The 2021 Proxy Season
This section of the report presents information the 435 shareholder proposals investors have filed so far for the 2021 proxy season, up from 429 at this point in 2020. Additional proposals for spring votes will show up as the season progresses and more are likely to be filed for meetings that occur after June. A handful of proposals are included in the aggregate totals but not described in detail since they have yet to be made public by the proponents. The numbers this year are a little bit higher than last year, and up from 387 that had been filed at this point in 2019. As noted above, although new SEC rules have significantly increased resubmission thresholds and made it much harder to file proposals, these will not go into effect until 2022. Whether the new Biden administration will spend political capital to alter the new rules, which are very unpopular with proponents, remains an open question—as does whether proponents will sue to overturn the rule and what the outcome of any litigation might be.
Structure of the report: Information is presented in three main areas—Environment; Social and Sustainable Governance. A separate section covers Conservatives. We note how many proposals have been filed in each category, which are now pending, how many have been withdrawn for tactical or substantive reasons after negotiated agreements with companies, and the disposition of challenges to the proposals at the SEC under its shareholder proposal rule. Rule 14a-8 of the 1934 Securities and Exchange Act allows companies to omit proposals from their proxy statements if they fall into certain categories such as dealing with mundane, “ordinary business” issues. (See www.proxypreview.org for details on the rule.)
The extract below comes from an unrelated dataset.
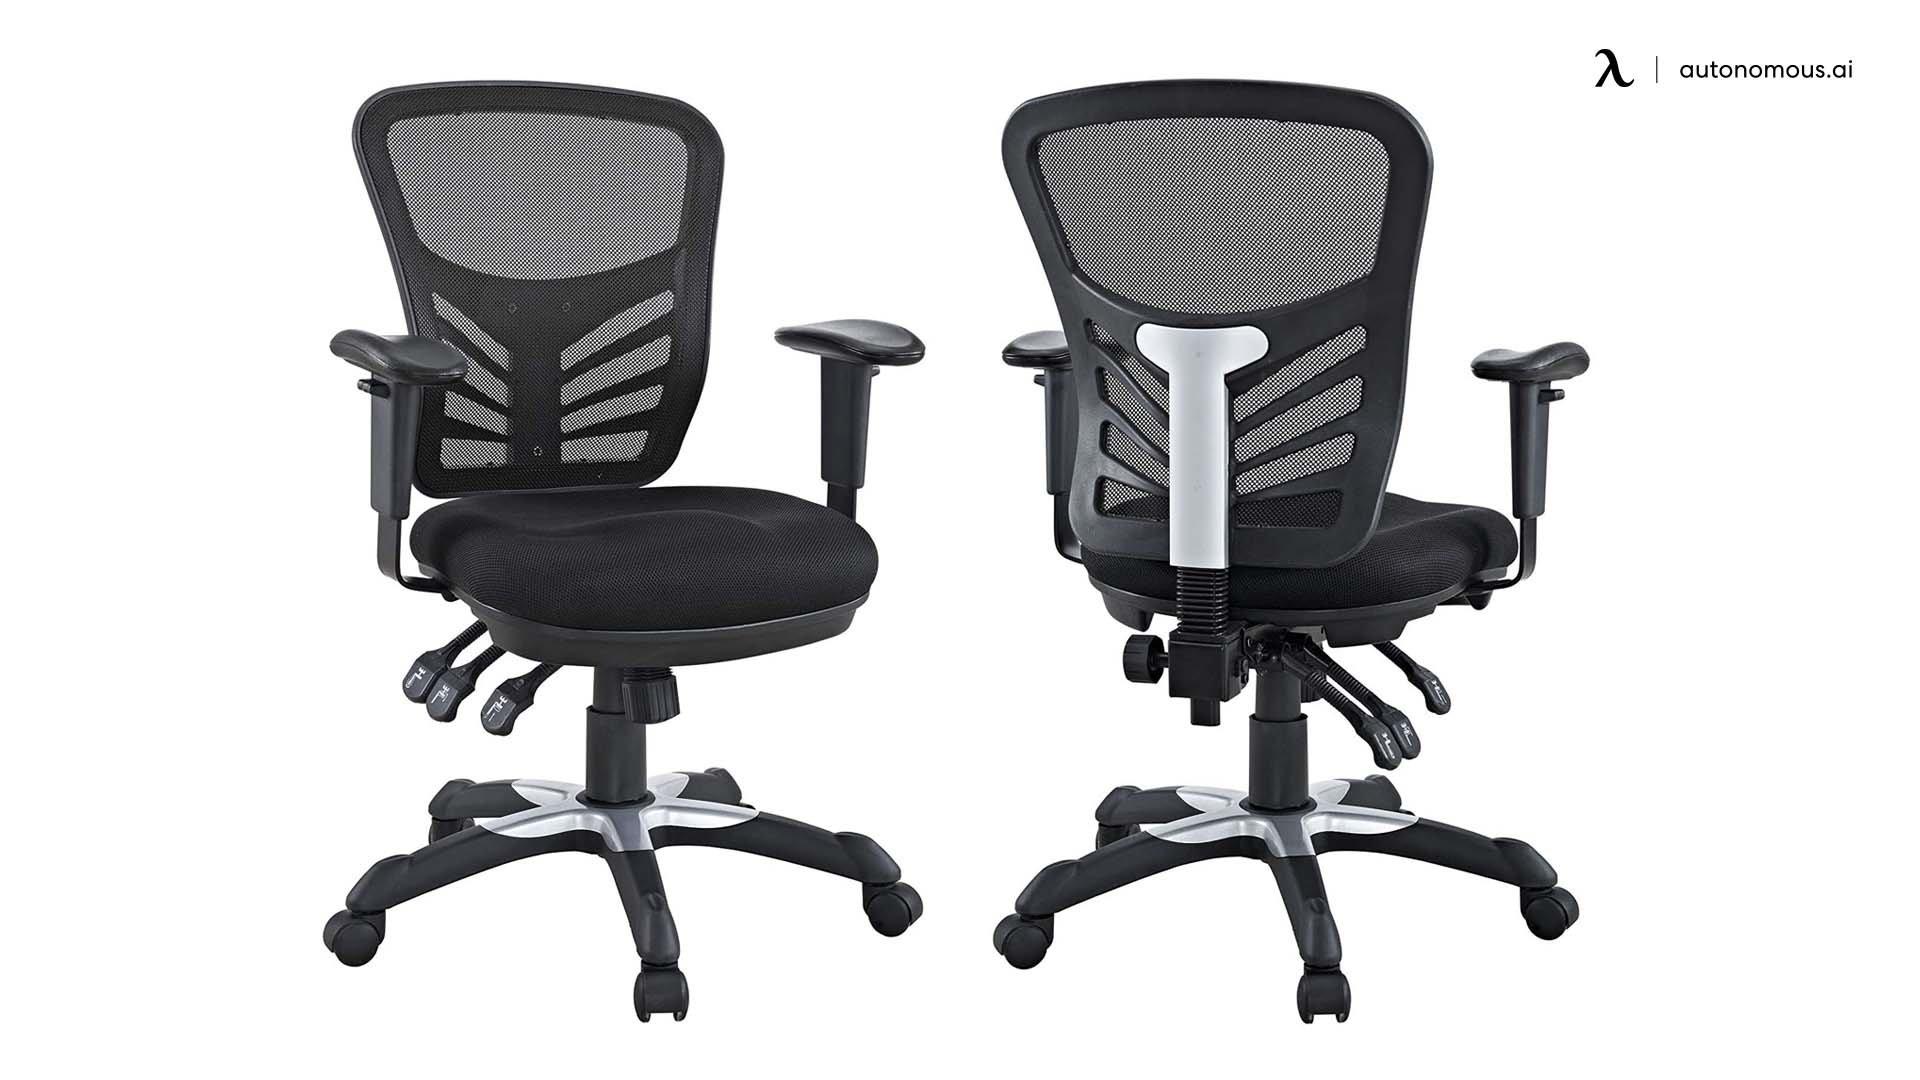 Modway Articulate Chair

Analysis in this report focuses on the resolved clauses and how these compare to previous proposals, as well as previous support for resubmitted resolutions and new developments. We pay close attention to the SEC’s interpretations of the omission rules, considering guidance documents released annually during the Trump administration; those set out some new interpretations from the commission’s Division of Corporation Finance about whether a resolution concerns “ordinary business” or is “significantly related” to company business.
Voting eligibility—To vote on proposals, investors must own the stock as of the “record date” set by the company, about eight weeks before the meeting.